"since 2010 we consumed 1.5 times the production of the planet"
Eugenia Kalnay is a Distinguished University Professor at the University of Maryland (UMD) in the United States, and a member of the Scientific Advisory Board at United Nations.
She was Branch Head at NASA Goddard, and later served for 10 years as the Director of the Environmental Modelling Center within the National Weather Service, where she was instrumental in major improvements in the NWS models' forecasting skill. In 2009, she received the prestigious World Meteorological Organization IMO Prize. Her work on the impact of land use on climate change was chosen by Discovery Magazine as one of the top 100 science results of 2010, and her seminal paper on reanalysis is the most cited paper in all geosciences.
#WeAreClimate talked to her to help you better understand how climate change is affecting us.

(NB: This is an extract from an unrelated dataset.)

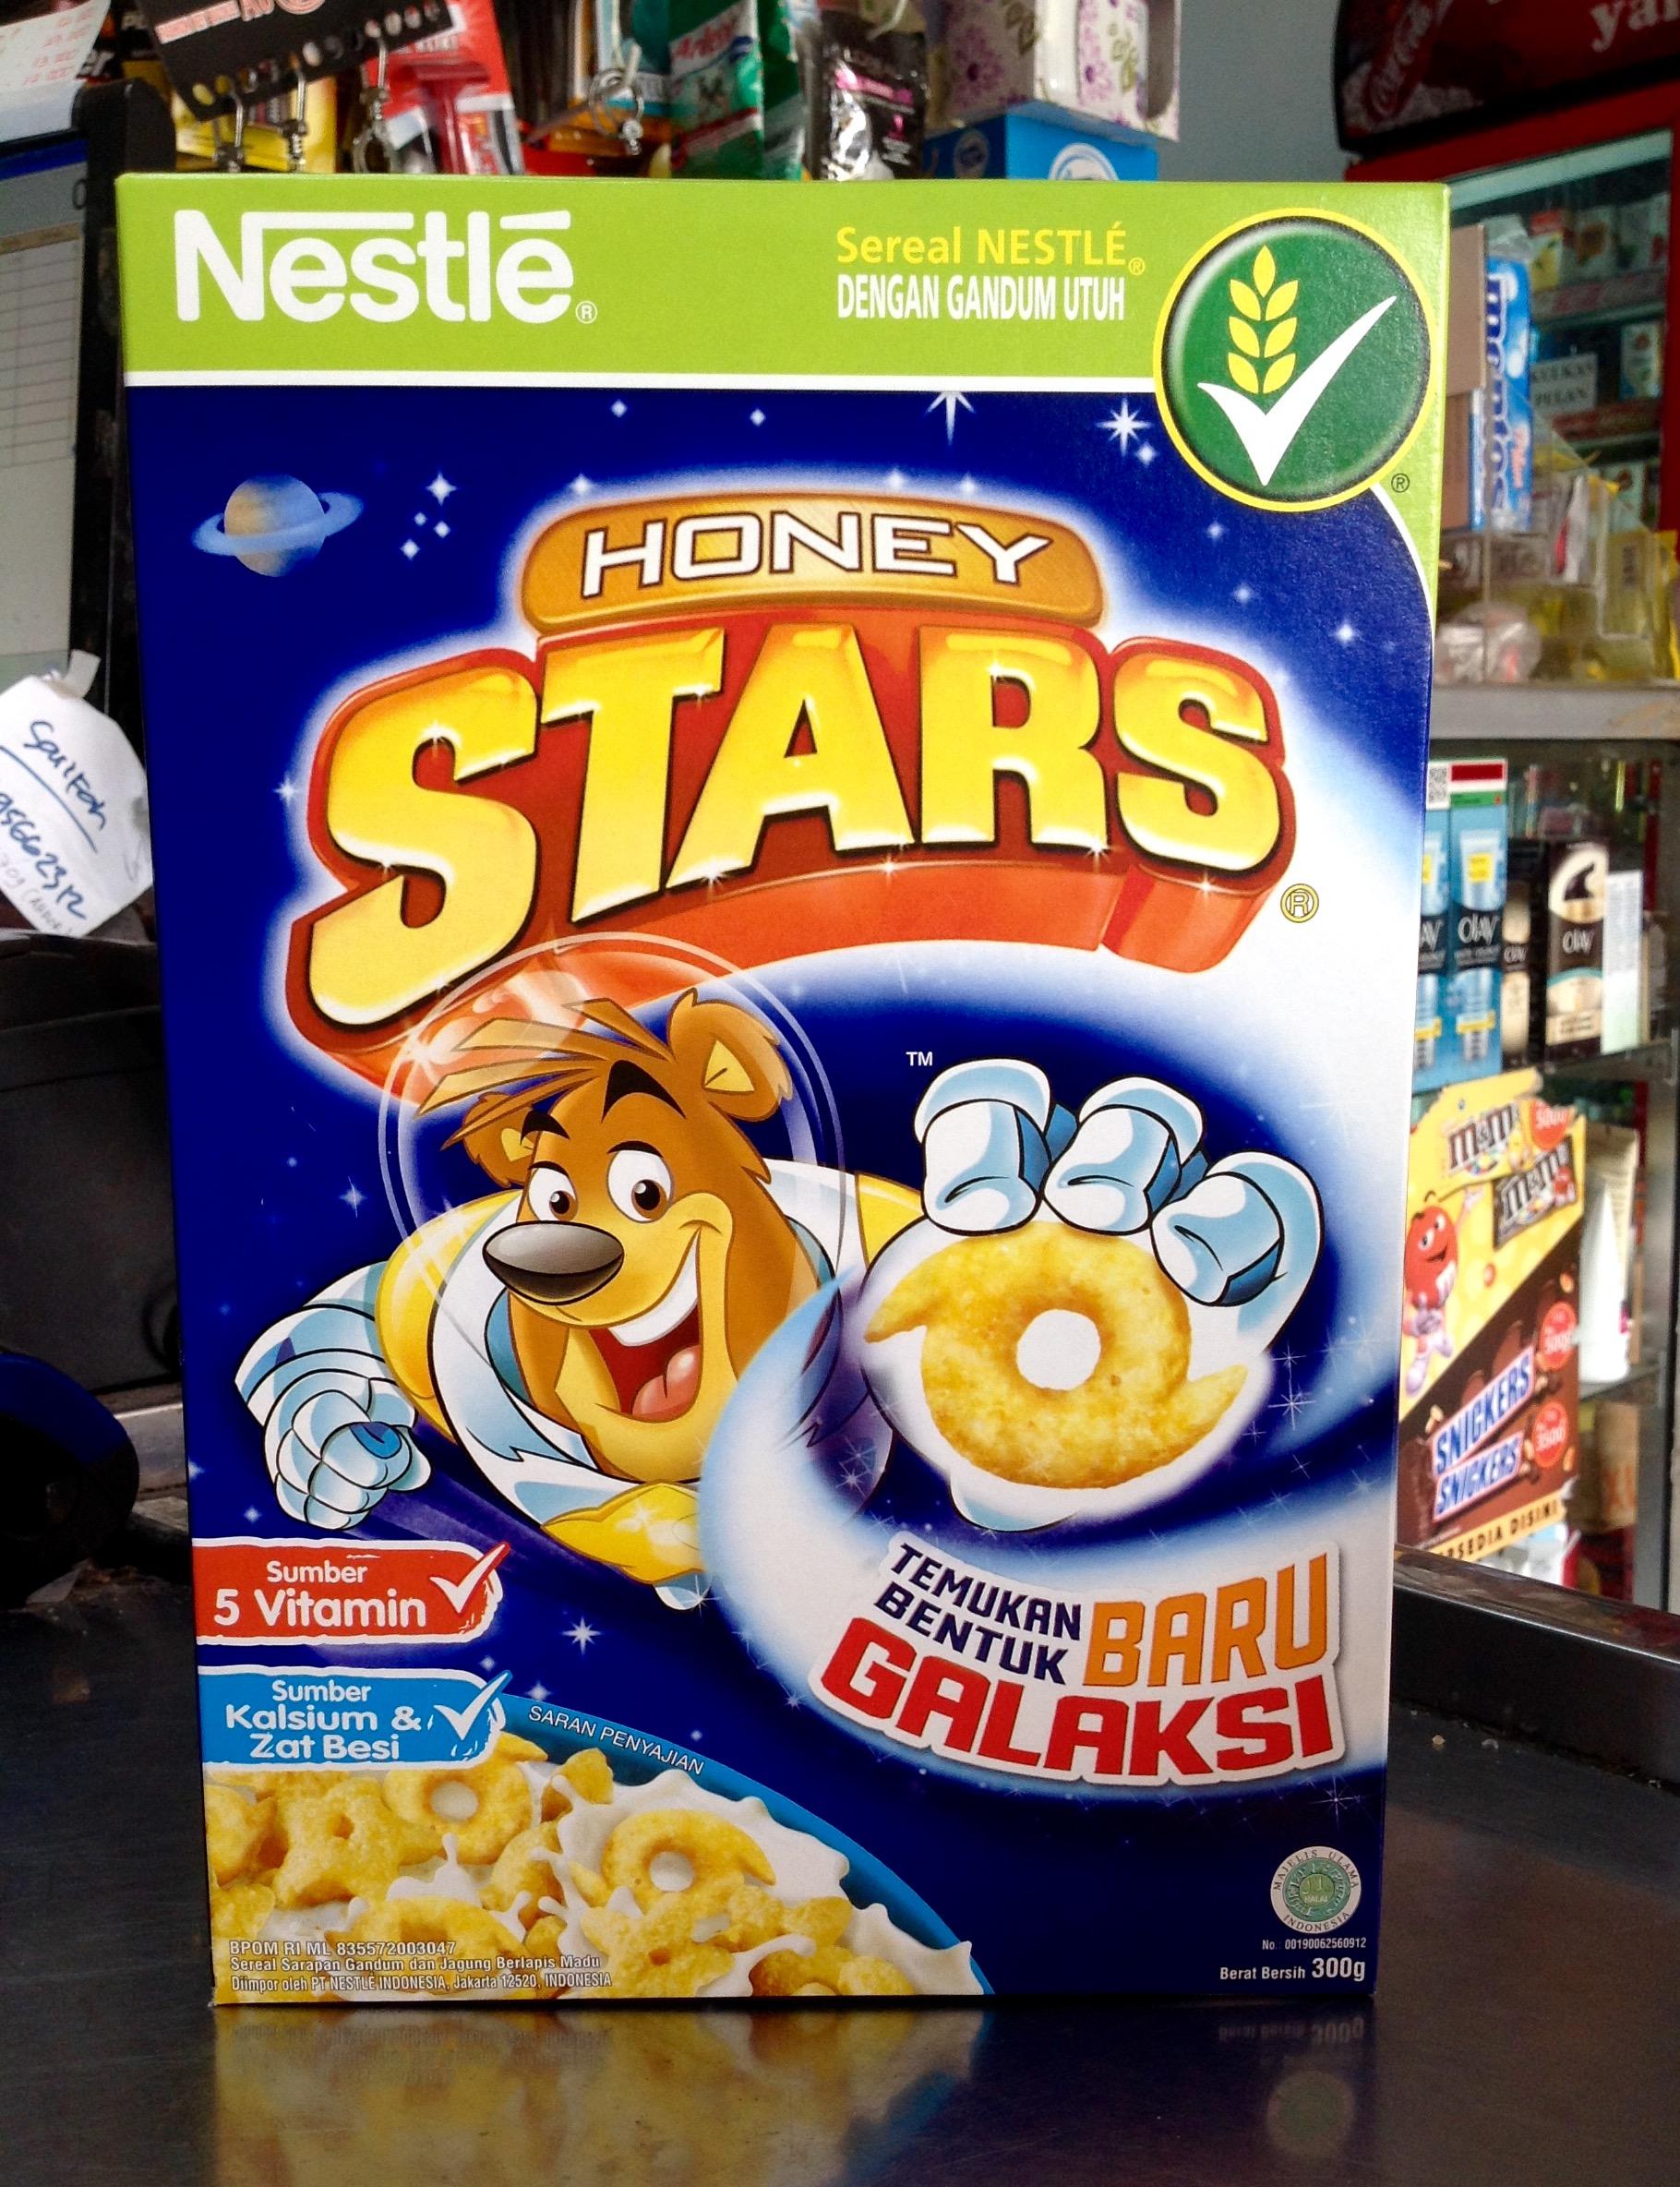 Jual Nestle Honey Stars Cereal Breakfast Box 300g Toko 21 Starbox Telkom Cempaka Baru Tokopedia

This is what she said:
What percent of climate change can be associated with human behavior?
- Extreme weather events, like a record snow storm or heat wave, can be produced by either natural variability or by the accumulated impact of the humans (as shown in the graphic) so that they cannot be attributed completely to humans.
So, individual record-breaking weather events may be due about half to humans and the other half to natural variability. But the large trends of global averages (like those shown in the Figure N° 1 and Figure N° 2 below), which shows the global mean temperature since 1880, can only be attributed to the human impact because they are much faster than any climate change previously seen. So, for climate change in large scales, I would say that essentially 100% is due to humans.
Figure 1
Does human factor must be considered, at this stage, inside weather models calculations?
"Not in weather models, because the limit for weather predictions is about 2 weeks, and the human impact has longer time scales.
So the human impact (such as the increase of greenhouse gases produced by human use of fossil fuels) should be included in weather models but it is not necessary to include the human system (i.e., to couple a full model of the human factors with the atmosphere, ocean and land models).
Figure 2
By contrast, in climate change models like the ones used in the IPCC, and models predicting long term changes (a decade or longer), it is essential to include a human model that interacts with the Earth System model, including the two-way feedbacks that take place in reality.
For example, the figure N° 2 above, shows that over the last 10,000 years, the major greenhouse gases (CO2, methane and nitrous oxide) have increased proportionally to the human population, which clearly shows that the population is the driver of their increased emissions.
This is particularly true after 1950, when the introduction of the Haber-Bosch nitrogen fertilization started the industrial agriculture, including major increases in the use of fossil fuels for not just fertilization, but also, in pesticides, irrigation, and mechanization (this is called the Green Revolution).
From 1950 to 1984, the production of grains increased by 250%, and the population doubled. Currently the IPCC models used to predict climate change do not have feedbacks to and from the population, which is obtained from projections made by the UN (i.,e., tables without feedbacks). This necessarily leads to erroneous results."
Which is the outlook you imagine in case that CO2 emissions stay at the current rate?
- An important part of the problem should come especially from big corporations (very far nowadays). But beyond that, do you believe that a change of habits related to how every citizen consume would help to mitigate this threat?
- This is a very good question! In our paper Human And Nature DYnamical model (HANDY model), we showed with a simple mathematical model that societal collapses (that have taken place hundreds of times since agriculture started about 10,000 years ago), are due to two independent causes: 1) excessive per capita consumption of nature; and 2) Inequality between the rich and the poor.
Since the big corporations are a major contributor to inequality, both within countries and between countries, they certainly contribute in a major way to the huge growth of the total consumption of the natural resources, which can be estimated as the product of the total population and the average GDP/per capita (see Fig. 3 below).
Figure3
You can see that the population and the GDP/capita, since 1950 -when industrial agriculture started, greatly increasing the consumption of fossil fuels and the greenhouse gases- have been growing at 2% each, with a total growth of about 4%. This means that the total consumption of natural resources is doubling every 20 years or so, which is completely unsustainable (since in 2010 we were already consuming ~1.5 times the production of the whole planet).
Unfortunately, the graphic shows very clearly that we are in a very unsustainable state of consumption growth that will inevitably lead to a collapse. It is impossible to predict when the collapse(s) will take place, but it would seem that it will last less than a full century (4 generations).
The impact of excessive consumption of natural resources at a rate much faster than what would be sustainable, is even more important than the impact of climate change itself. As Univerity of Maryland points out: "It is more than just climate change".